What to do:
Verbatim copy, images excluded: write out each record shown below.

Records from a data source:
====
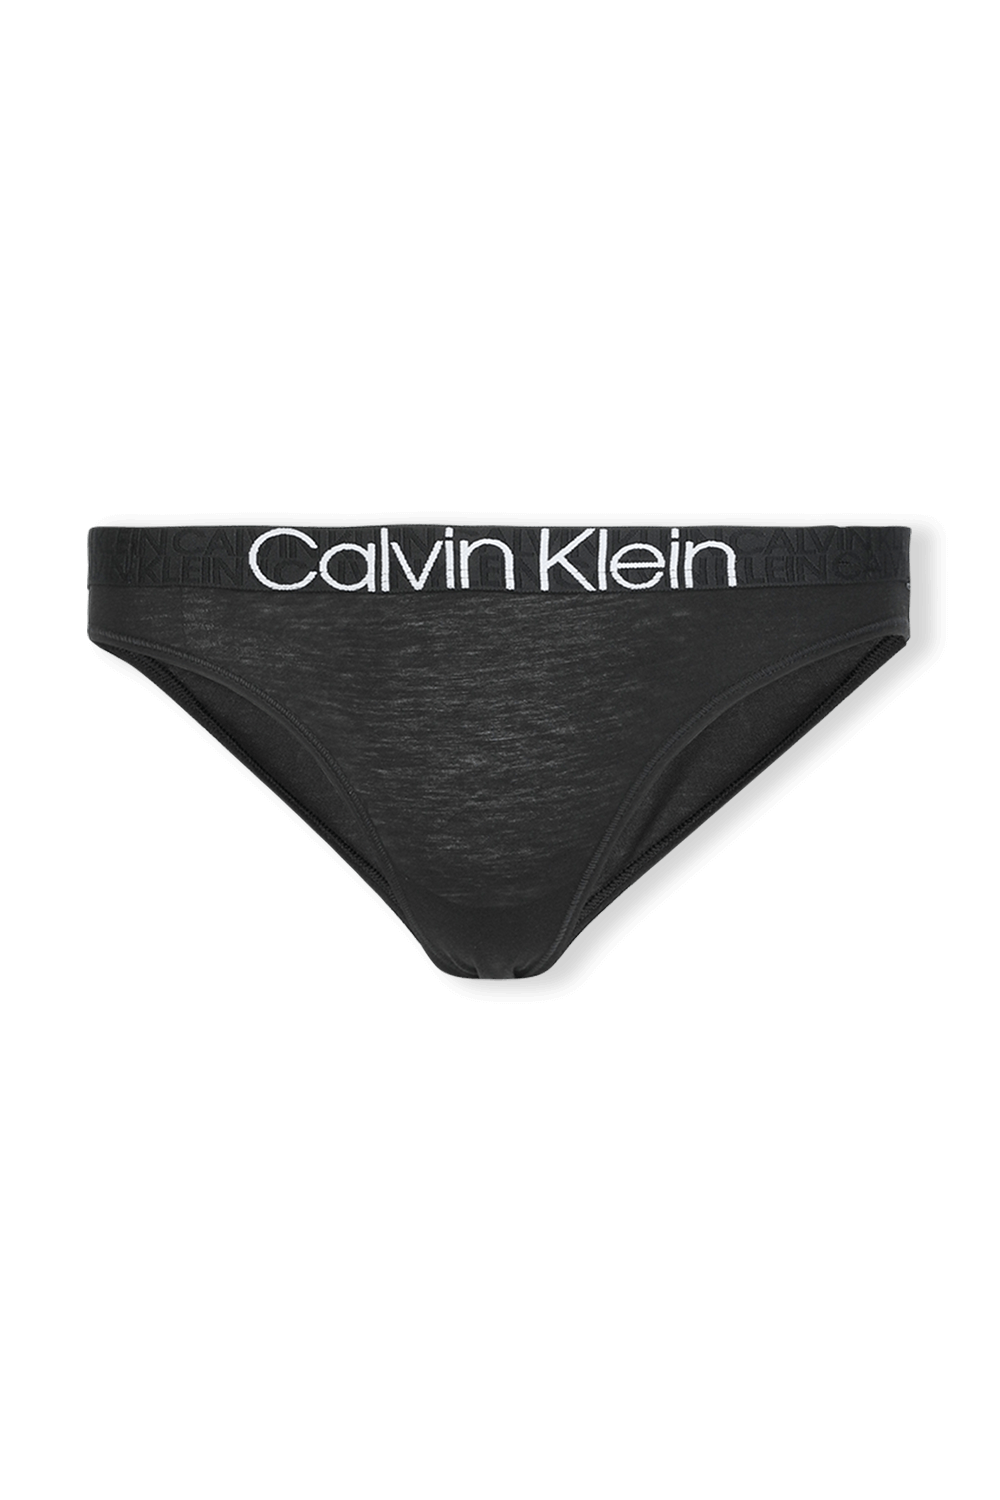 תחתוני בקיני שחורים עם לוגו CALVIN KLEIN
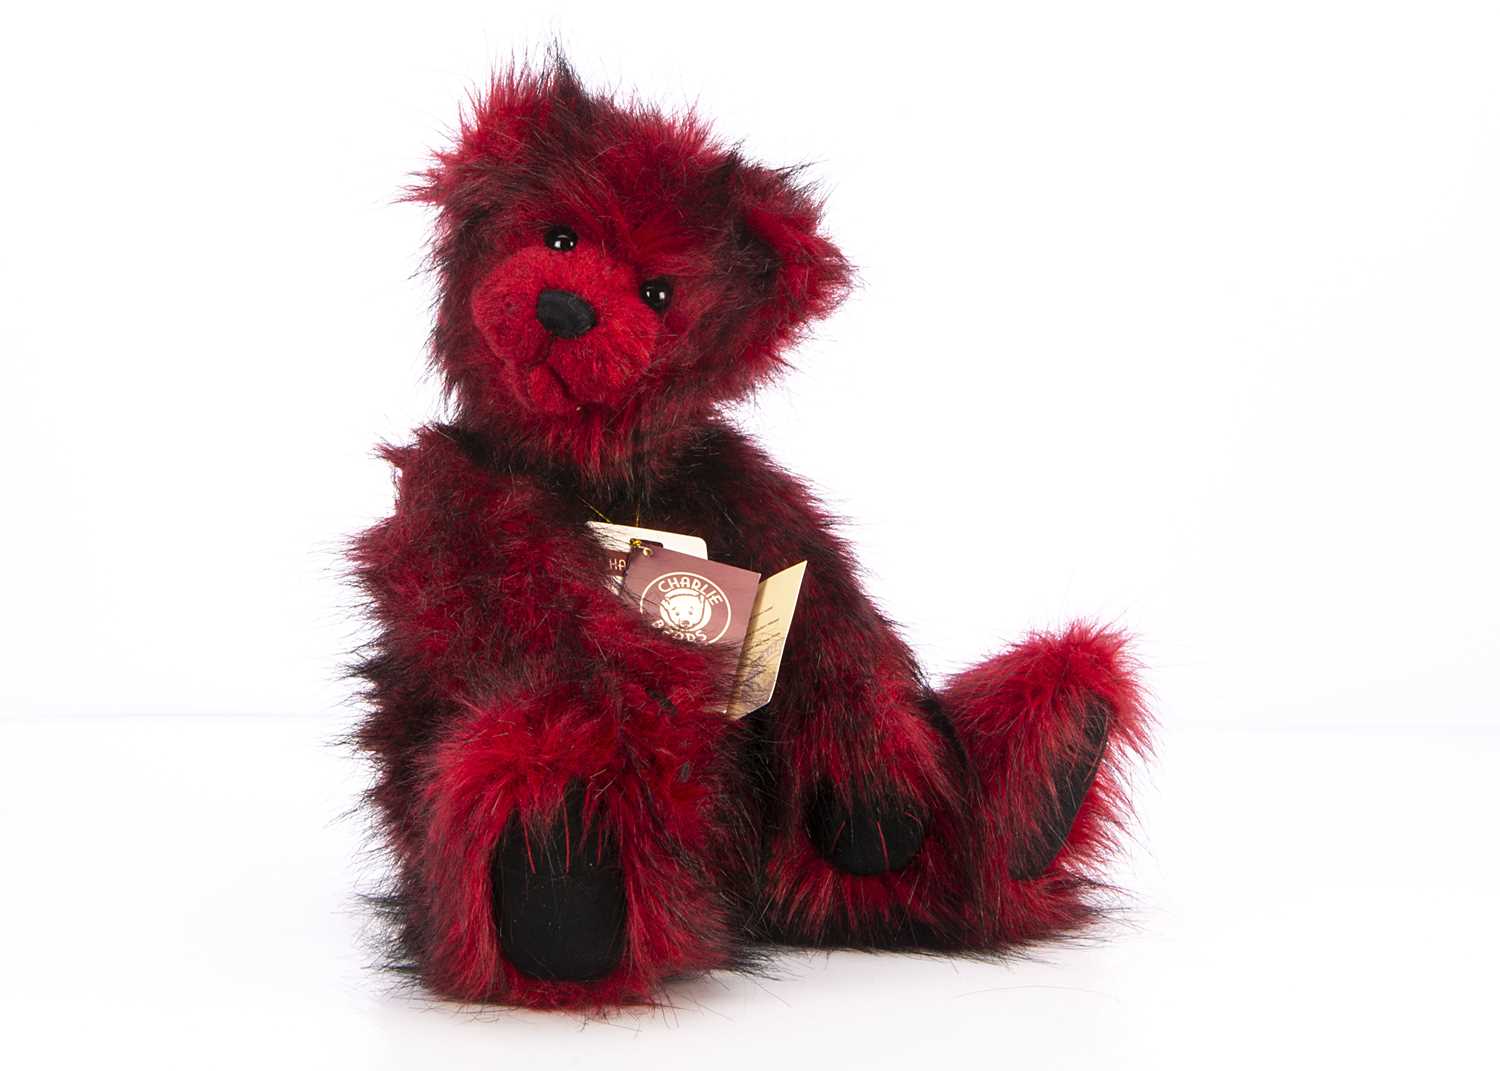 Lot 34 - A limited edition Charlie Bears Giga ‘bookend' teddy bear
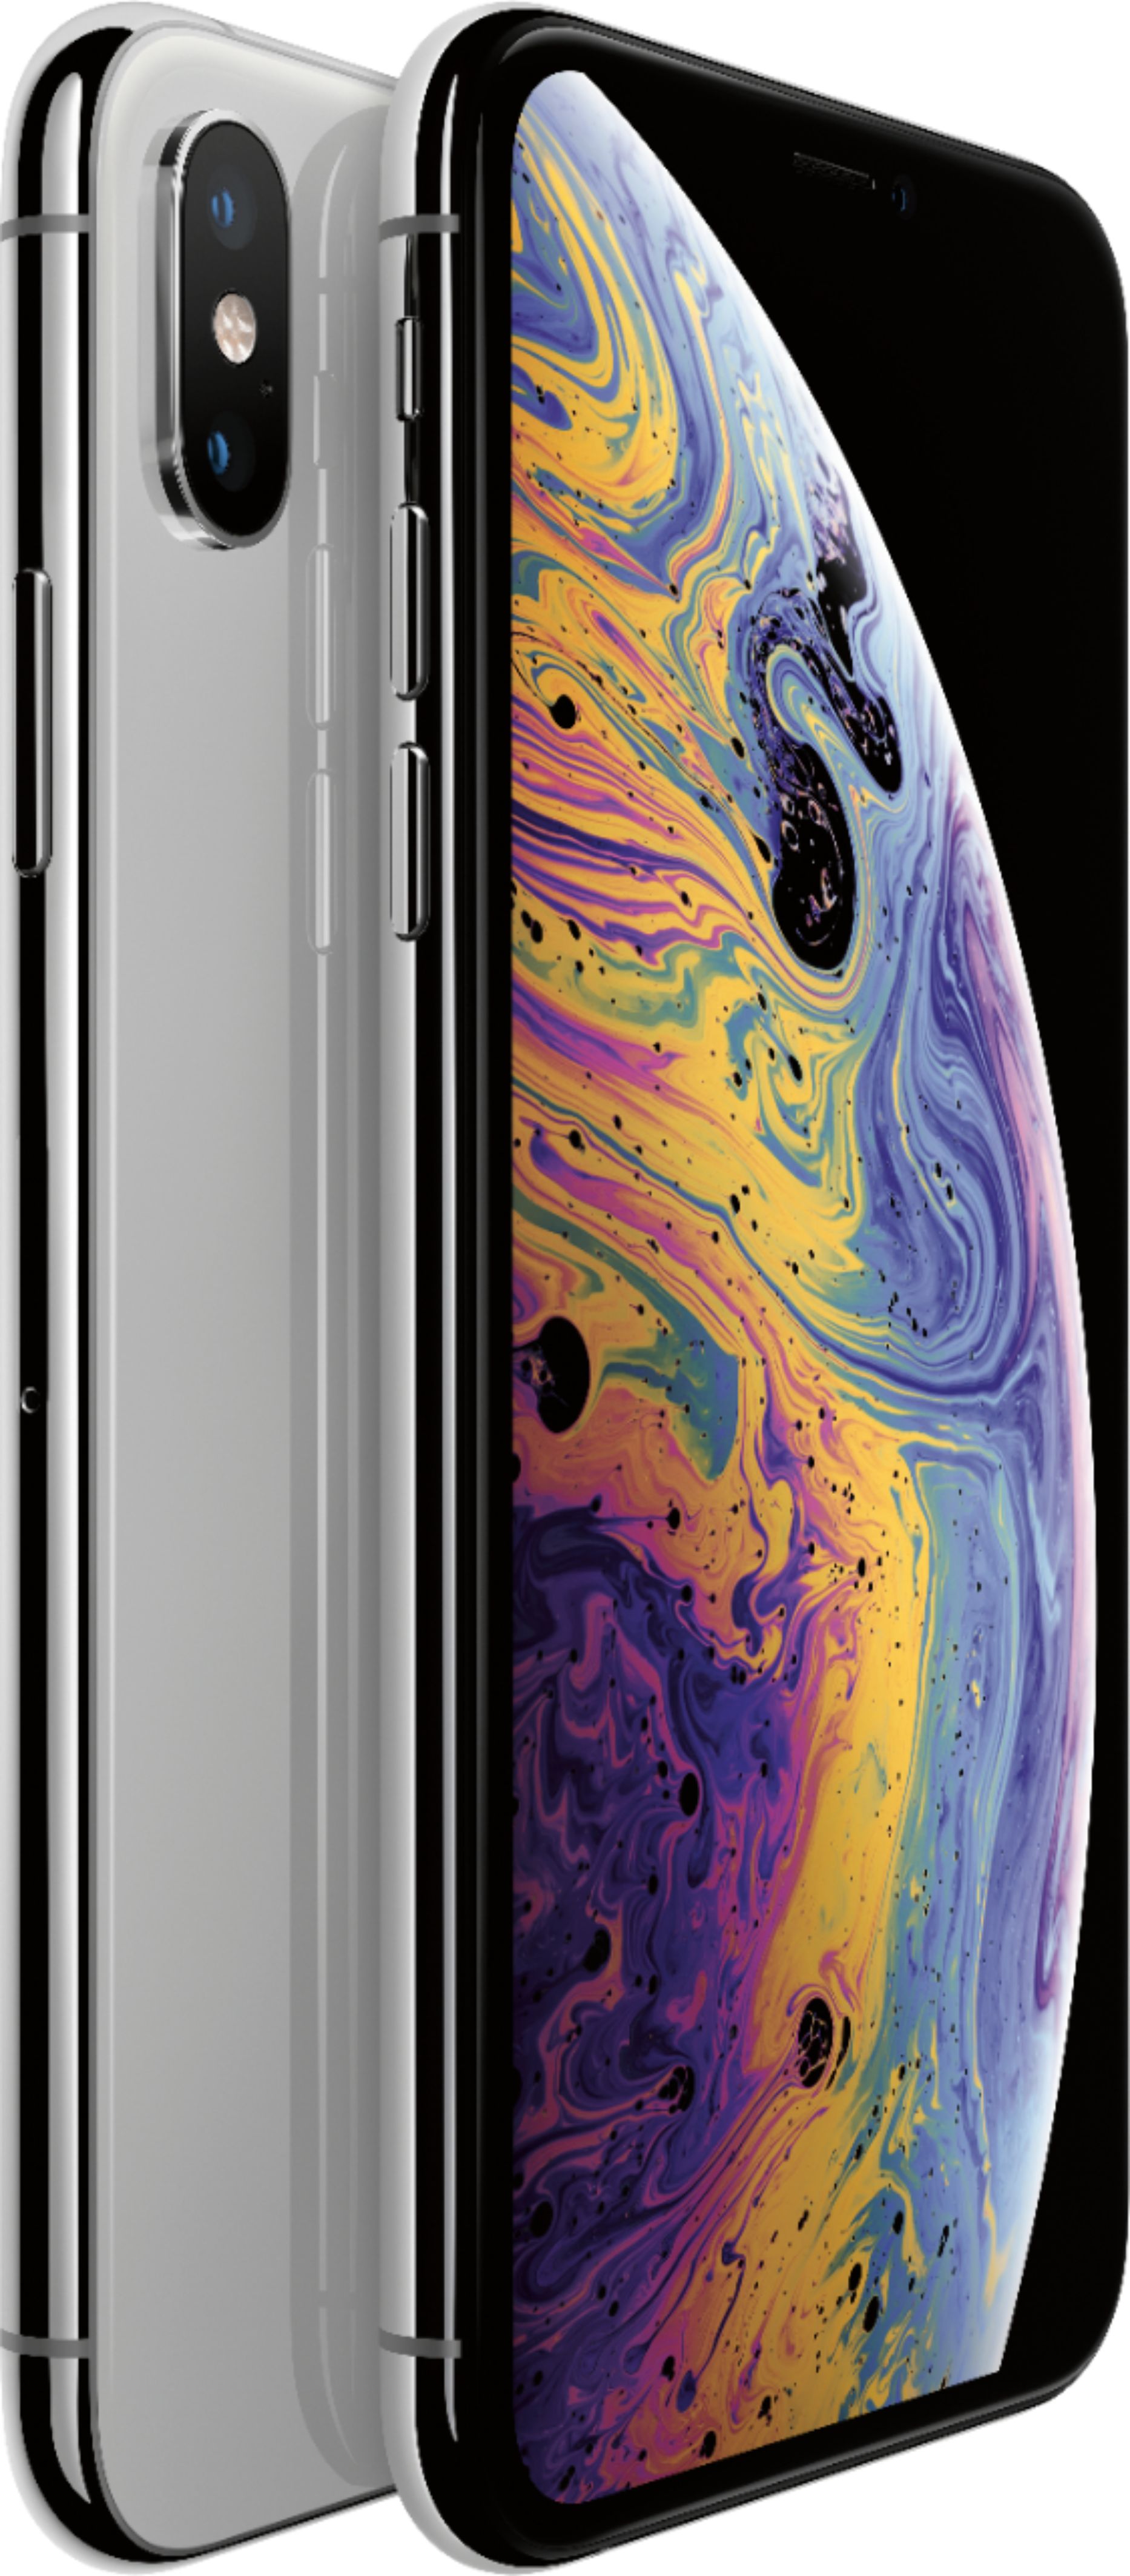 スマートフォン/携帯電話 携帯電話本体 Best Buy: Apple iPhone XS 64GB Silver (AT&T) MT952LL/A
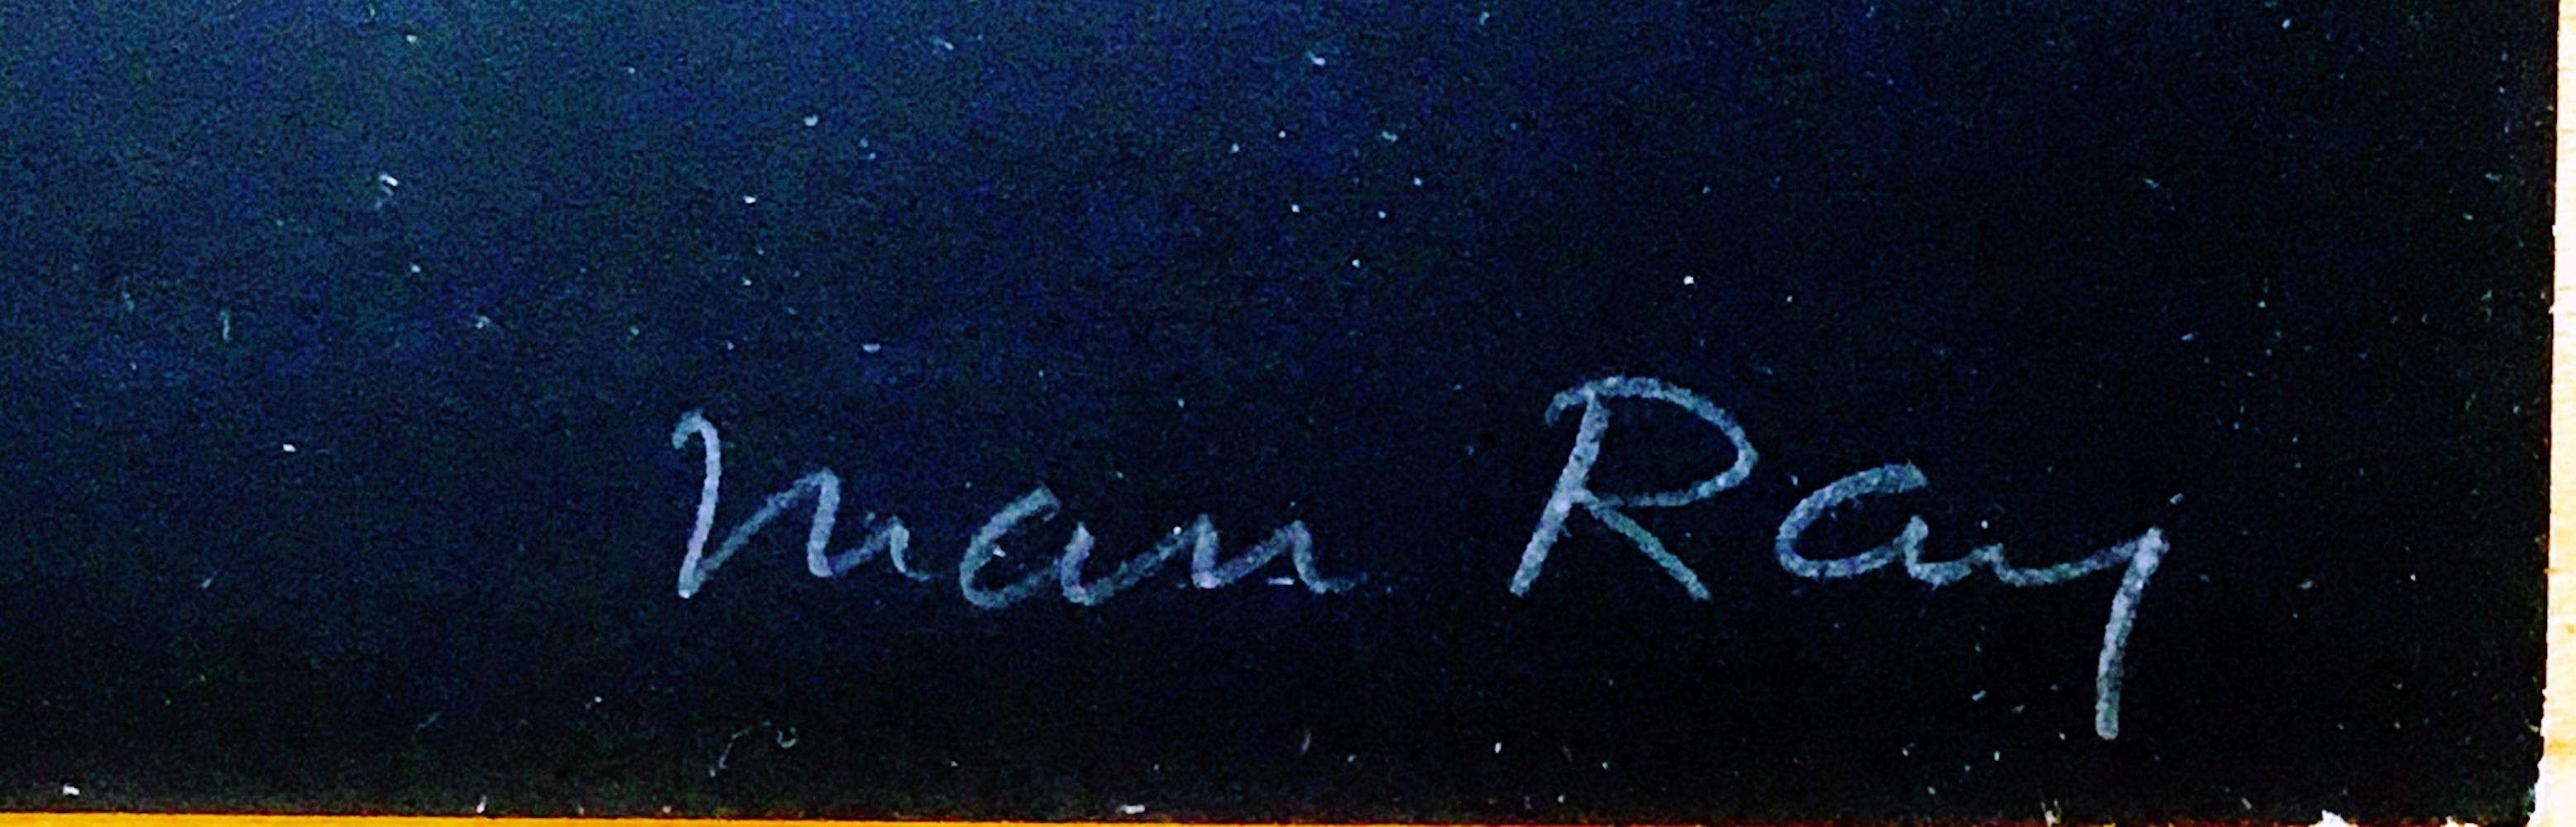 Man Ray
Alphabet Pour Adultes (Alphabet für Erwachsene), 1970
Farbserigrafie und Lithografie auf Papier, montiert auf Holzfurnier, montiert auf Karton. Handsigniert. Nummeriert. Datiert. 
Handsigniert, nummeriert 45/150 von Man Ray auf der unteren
====
Response area:
 תחתוני בקיני שחורים עם לוגו CALVIN KLEIN
 Lot 34 - A limited edition Charlie Bears Giga ‘bookend' teddy bear
 スマートフォン/携帯電話 携帯電話本体 Best Buy: Apple iPhone XS 64GB Silver (AT&T) MT952LL/A
 Man Ray
Alphabet Pour Adultes (Alphabet für Erwachsene), 1970
Farbserigrafie und Lithografie auf Papier, montiert auf Holzfurnier, montiert auf Karton. Handsigniert. Nummeriert. Datiert. 
Handsigniert, nummeriert 45/150 von Man Ray auf der unteren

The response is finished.